Opinion
NOT TO BE PUBLISHED IN OFFICIAL REPORTS
Contra Costa County Super. Ct. No. MSC06-00792
OPINION
Marchiano, P.J.
Cross-defendant Leroy Moyers appeals from the order denying his anti-SLAPP motion (Code Civ. Proc., § 425.16) to strike the cross-complaint of Joseph, Kathleen, and Charles Grosser. The Grossers were sued by Kevin Kimes, whose pet cat Pumkin was shot and wounded with a pellet gun. Kimes blamed the Grossers for the shooting, and contacted Moyers, a representative of an organization called “Voices for Pets,” which “responds to violence to animals.” Moyers prepared flyers offering a reward from Voices for Pets for information leading to the conviction of the responsible party. The Grossers cross-complained against Moyers for defamation and intentional infliction of emotional distress arising from publication of the flyers, which they contend implied that they were responsible for the shooting. The court denied the motion to strike on the ground that the Grossers’ causes of action did not arise from conduct protected by the anti-SLAPP law. We agree with that determination, and affirm the order.
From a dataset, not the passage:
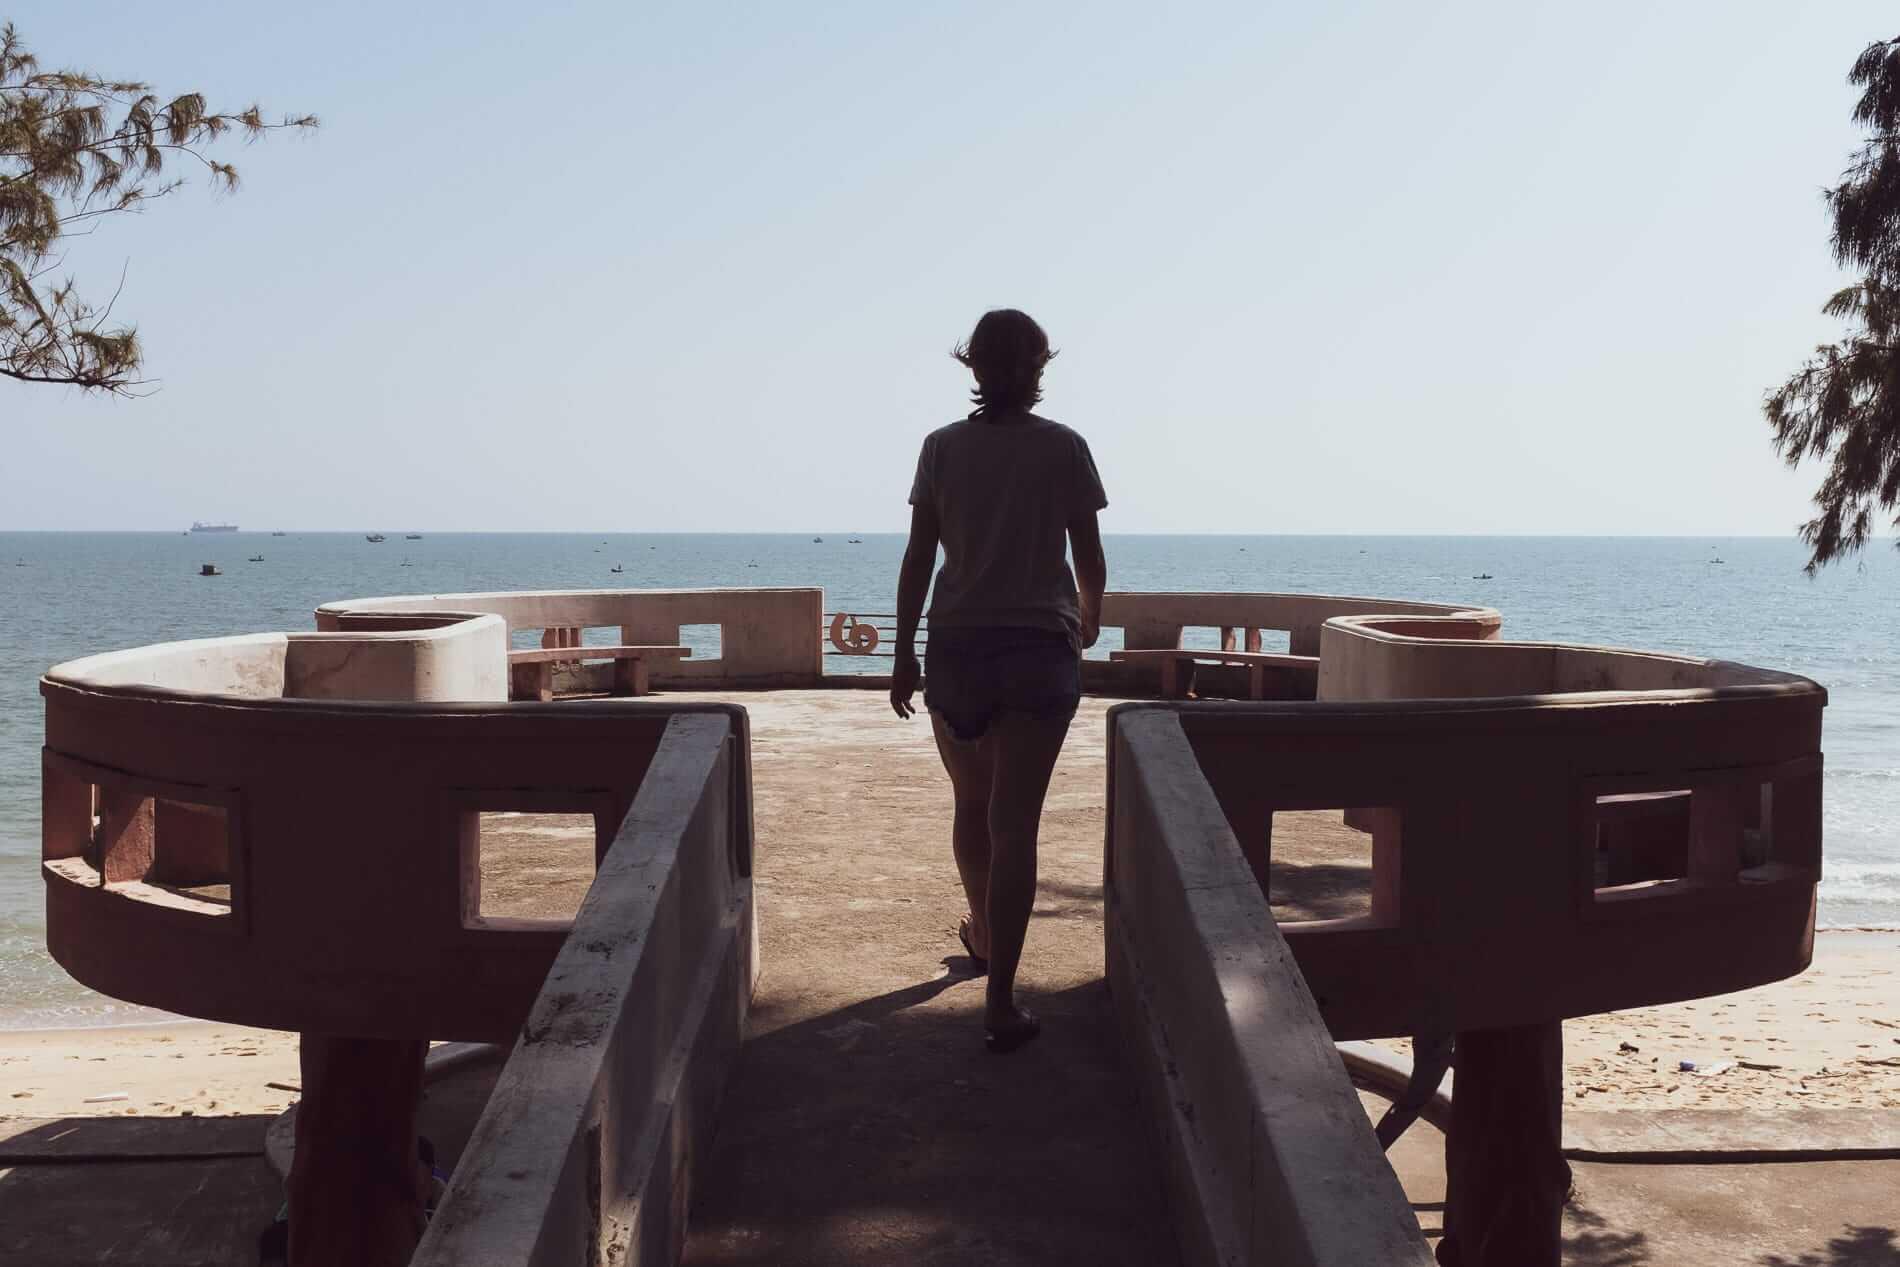 Quy Hoa ex-leper colony on Queen's Beach

All further statutory references are to the Code of Civil Procedure.
I. BACKGROUND
The Grossers and Kimes live next door in the Laurel Wood Estates neighborhood of Brentwood. Charles Grosser, Joseph and Kathleen Grosser’s son, was 18 years old and a student at Los Medanos Community College in Pittsburg at the time of the incident with Pumkin. Kimes and others posted the flyers in question in Laurel Wood Estates and at Los Medanos Community College. The flyers have a Voices for Pets logo at the top, and contact information for Voices for Pets, an e-mail address, and a picture of Pumkin at the bottom. The flyers posted in the neighborhood and at the school were identical except that the name “Charlie” (which we show in this opinion in brackets) was added to the flyers put up at the school. The flyers read as follows:
“$3,000 Reward
“Warning to People with Children and Pets!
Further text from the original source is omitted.